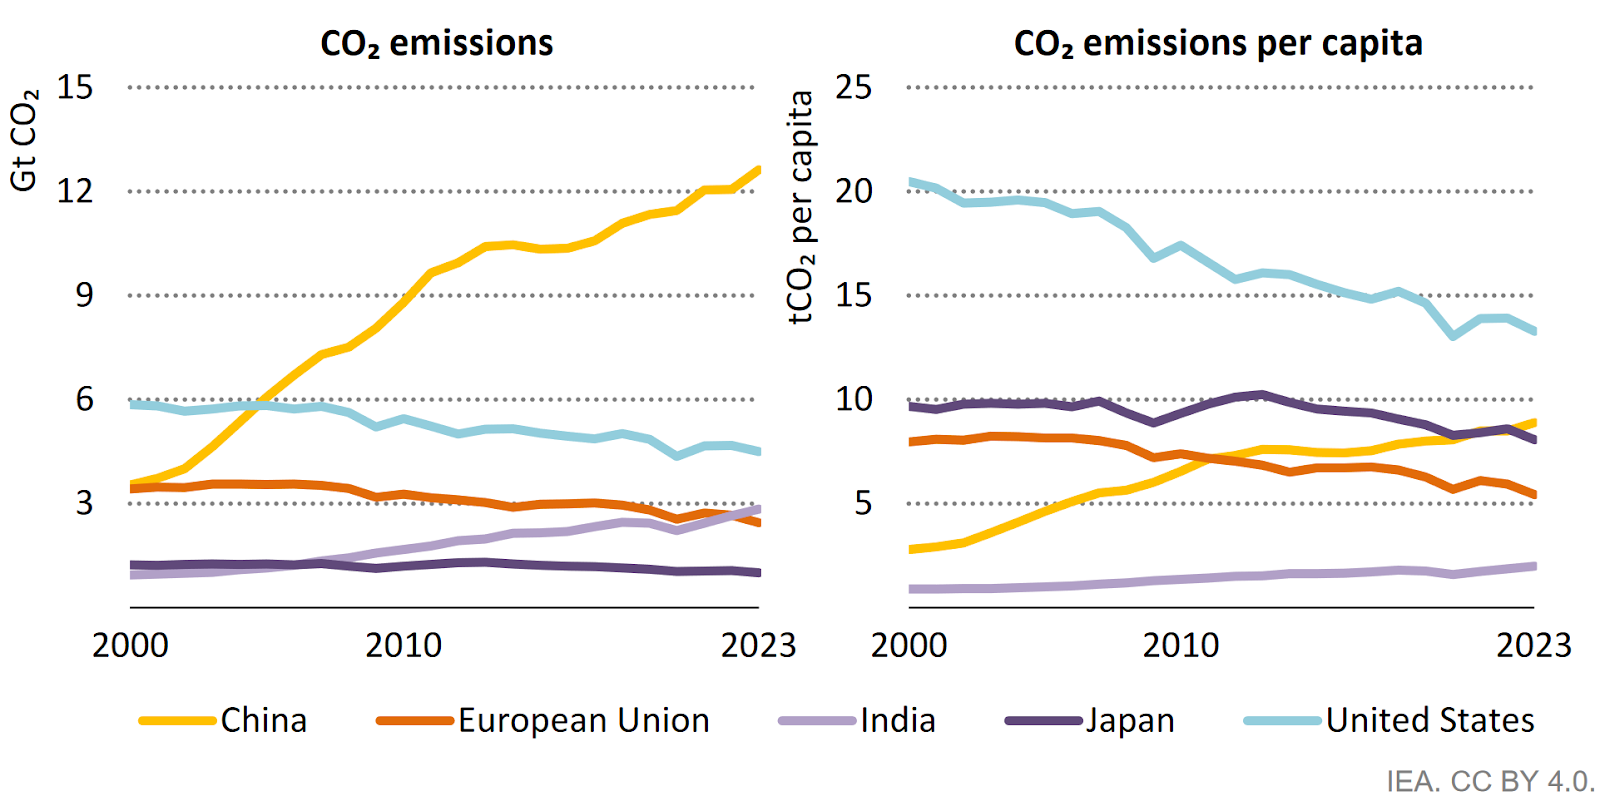 CO2 Total and CO2 Per Capita by Region, Source: IEA
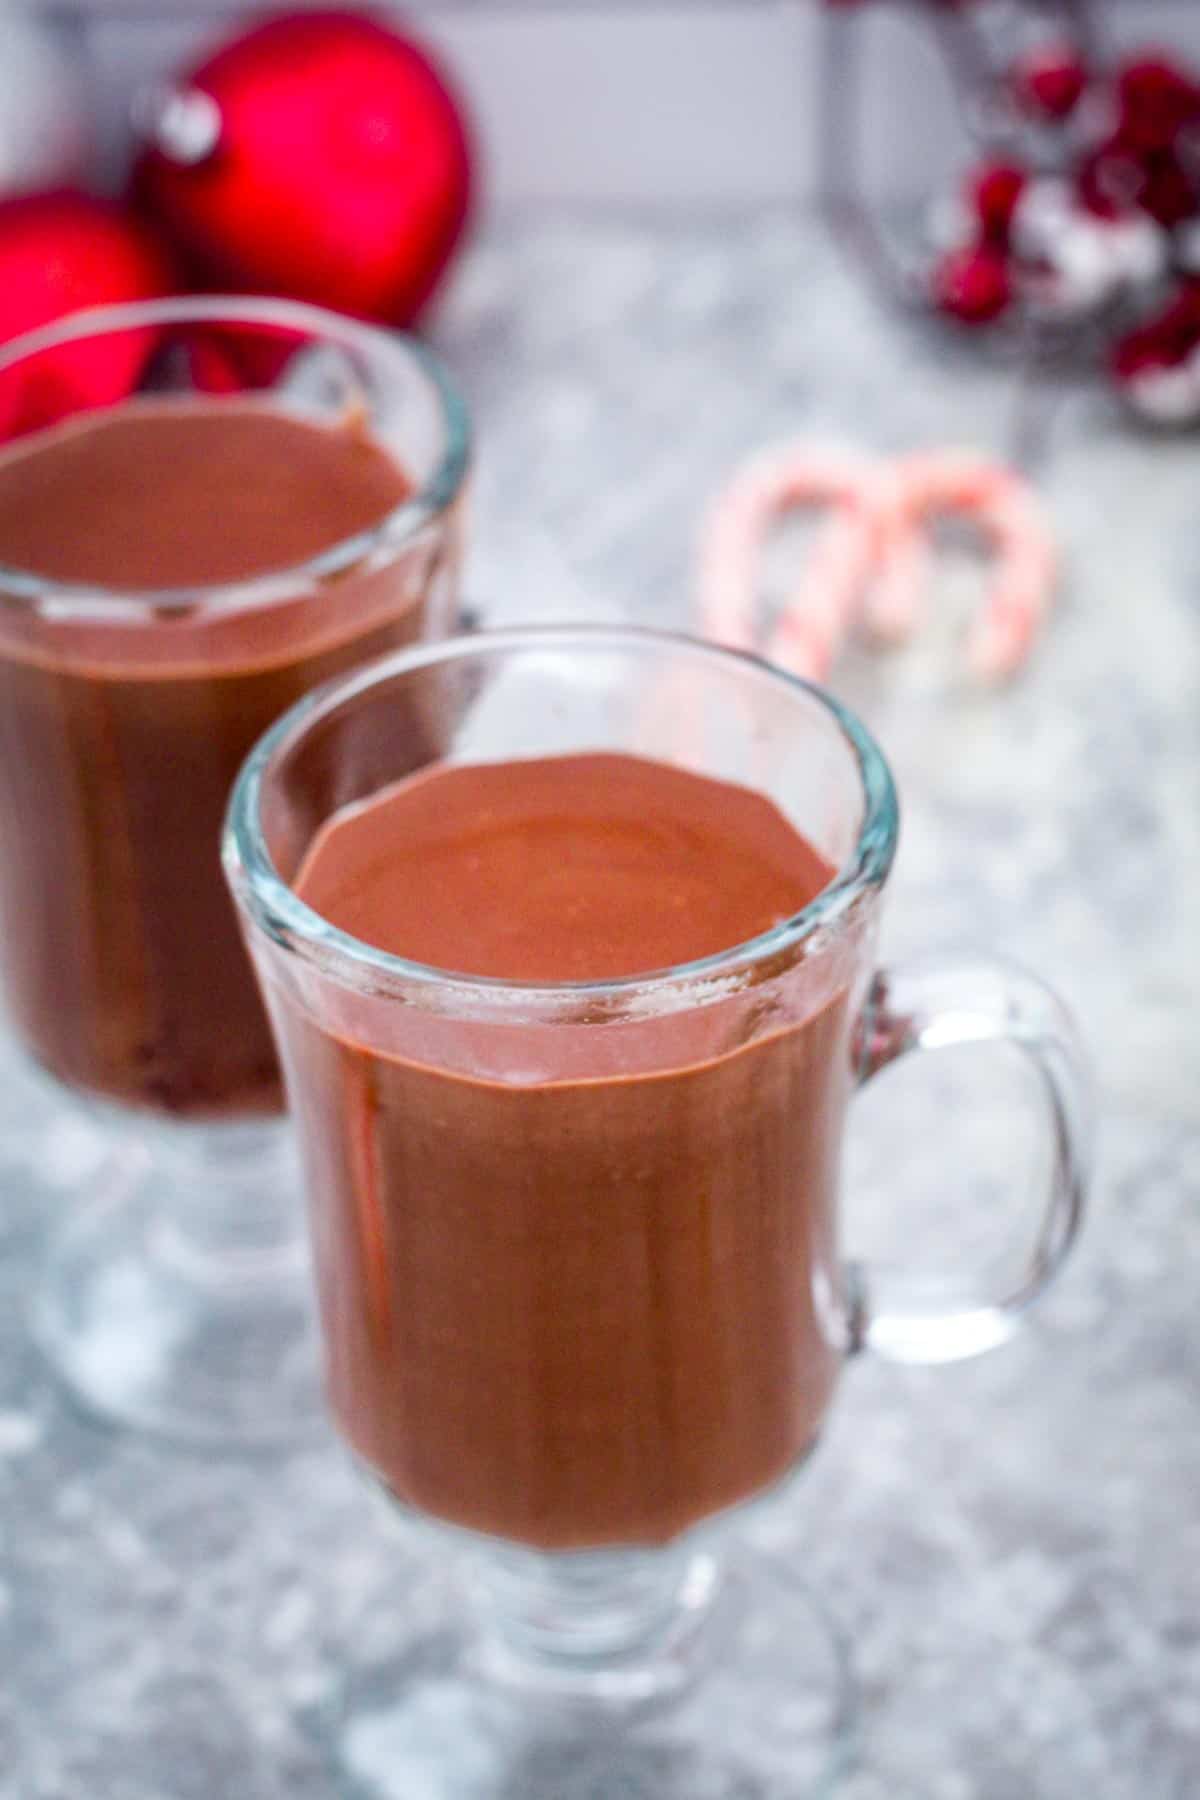 Just poured hot chocolate on a glass, looking thick and luscious. There's no toppings yet or garnishes.
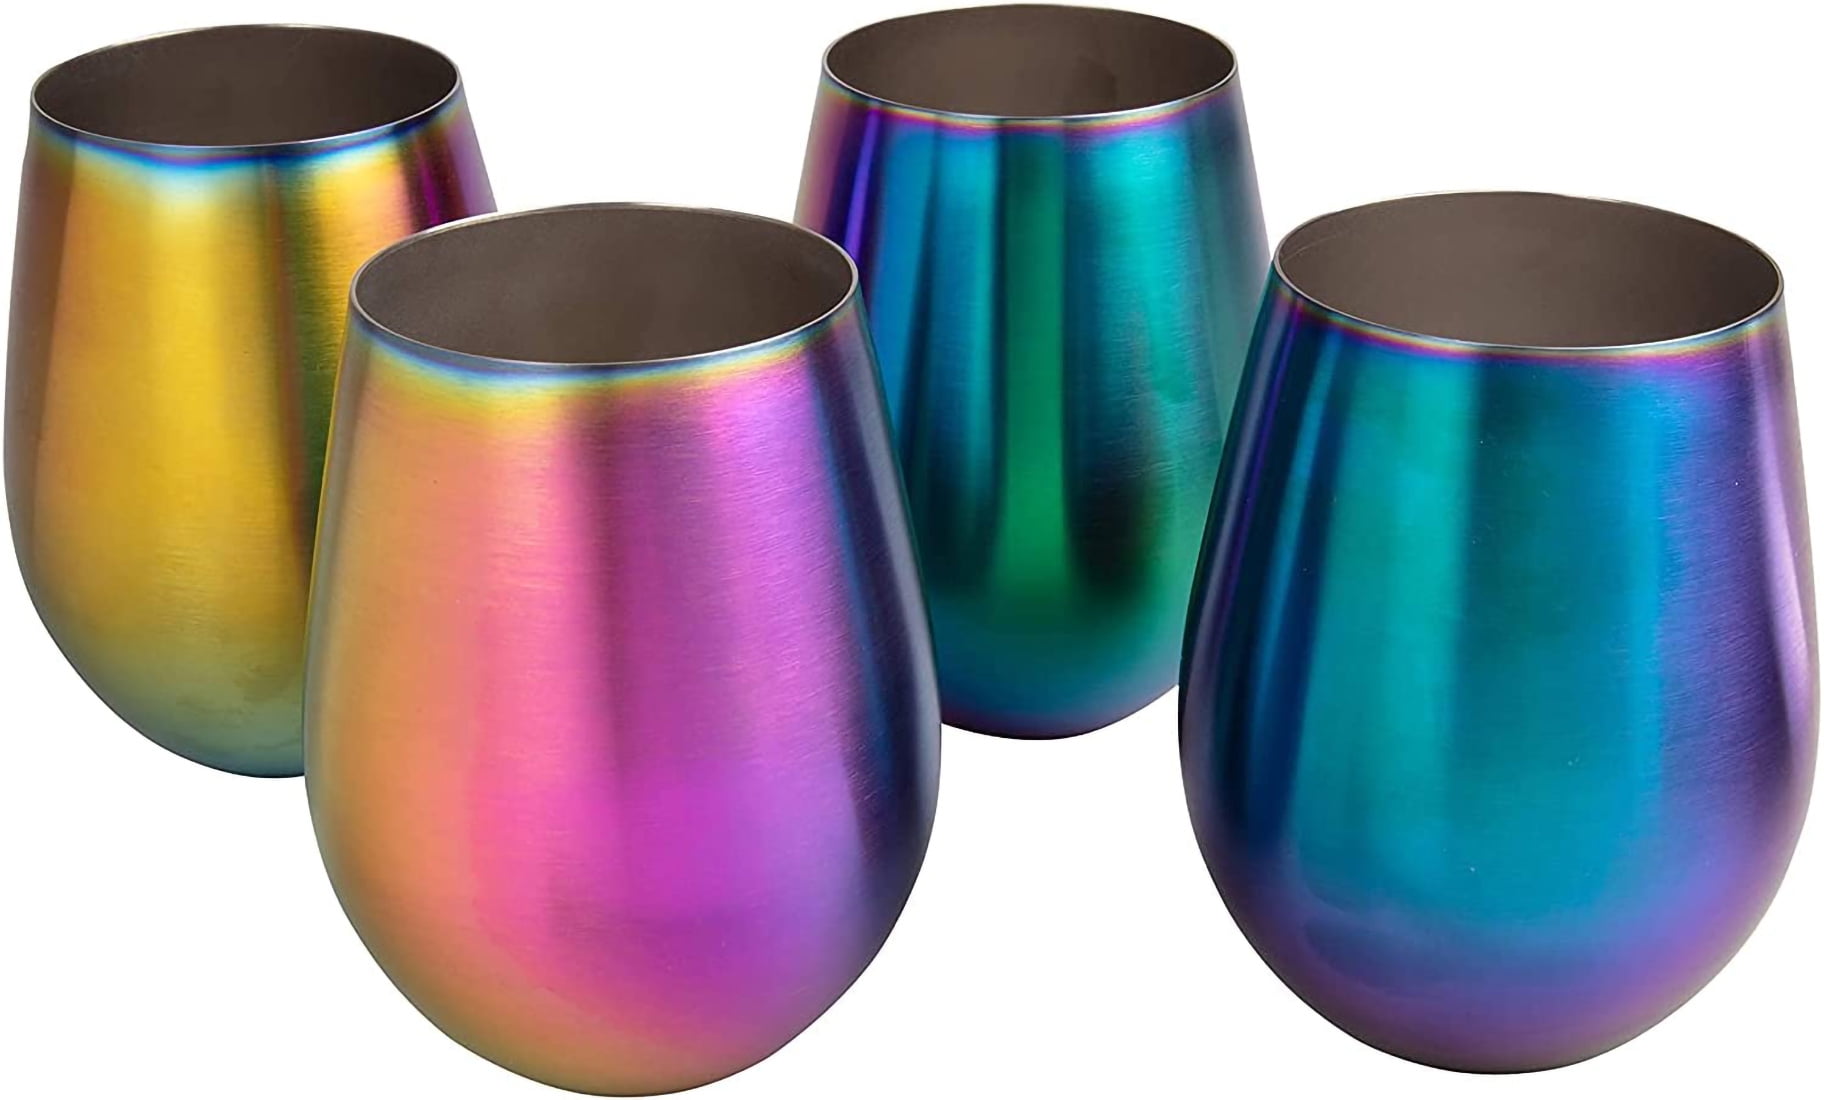 True Silicone Wrapped Wine Glasses, Stemless Glass Tumblers, Dishwasher  Safe Drinkware, 16 Oz Multicolor Set of 4
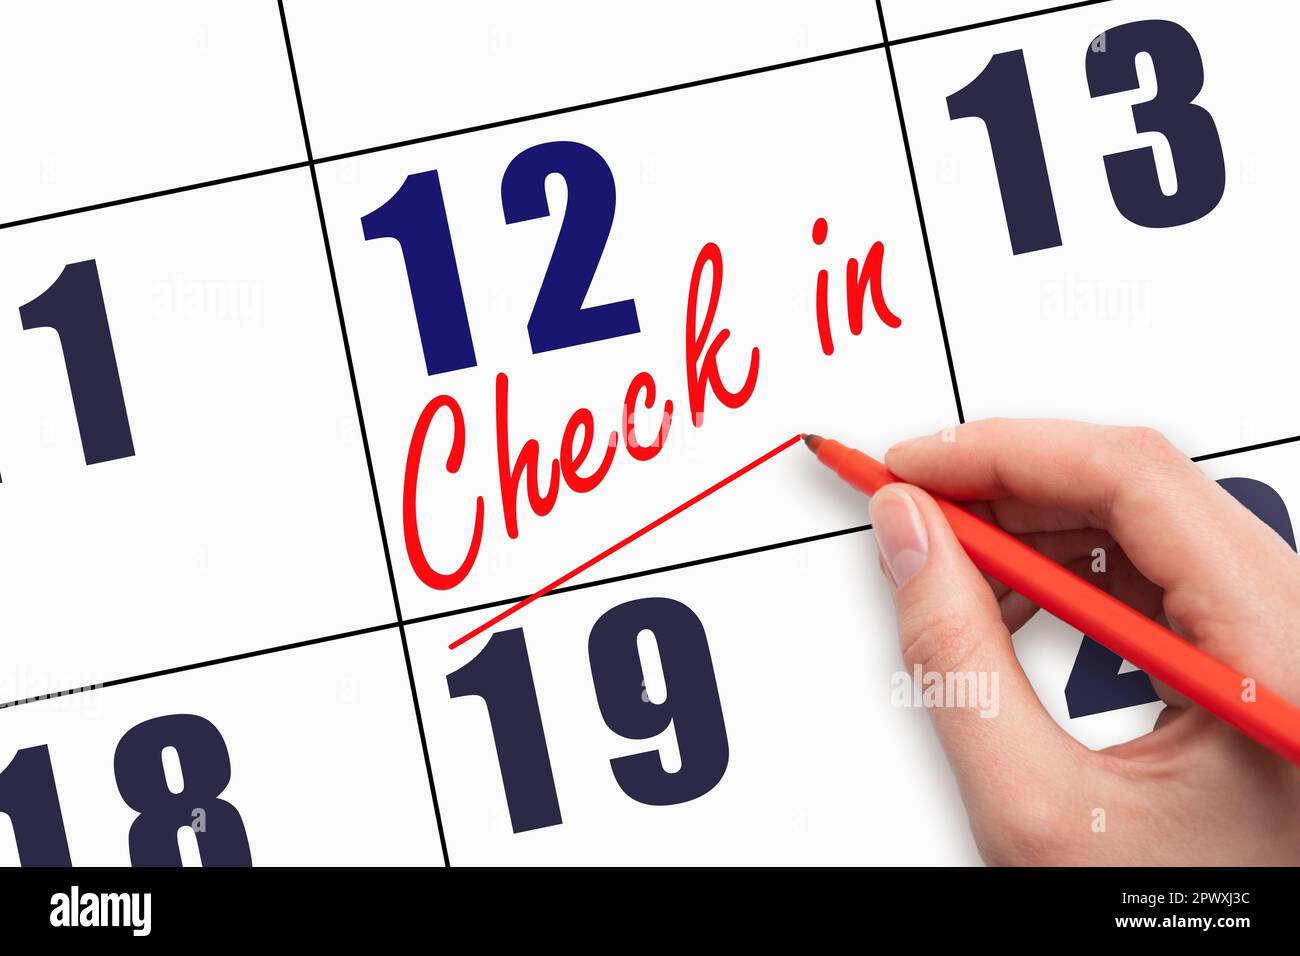 12th day of the month.  Hand writing CHECK IN and drawing a line on calendar date. Business.  Day of the year concept. Stock Photo

————————

_WHAT YOU WILL DO_
Write out exactly the lines from the one that contains "Just poured hot" through the last line of the data above, both included. Leave every picture out.

_SOLUTION TO THIS EXERCISE_
 Just poured hot chocolate on a glass, looking thick and luscious. There's no toppings yet or garnishes.
 True Silicone Wrapped Wine Glasses, Stemless Glass Tumblers, Dishwasher  Safe Drinkware, 16 Oz Multicolor Set of 4
 12th day of the month.  Hand writing CHECK IN and drawing a line on calendar date. Business.  Day of the year concept. Stock Photo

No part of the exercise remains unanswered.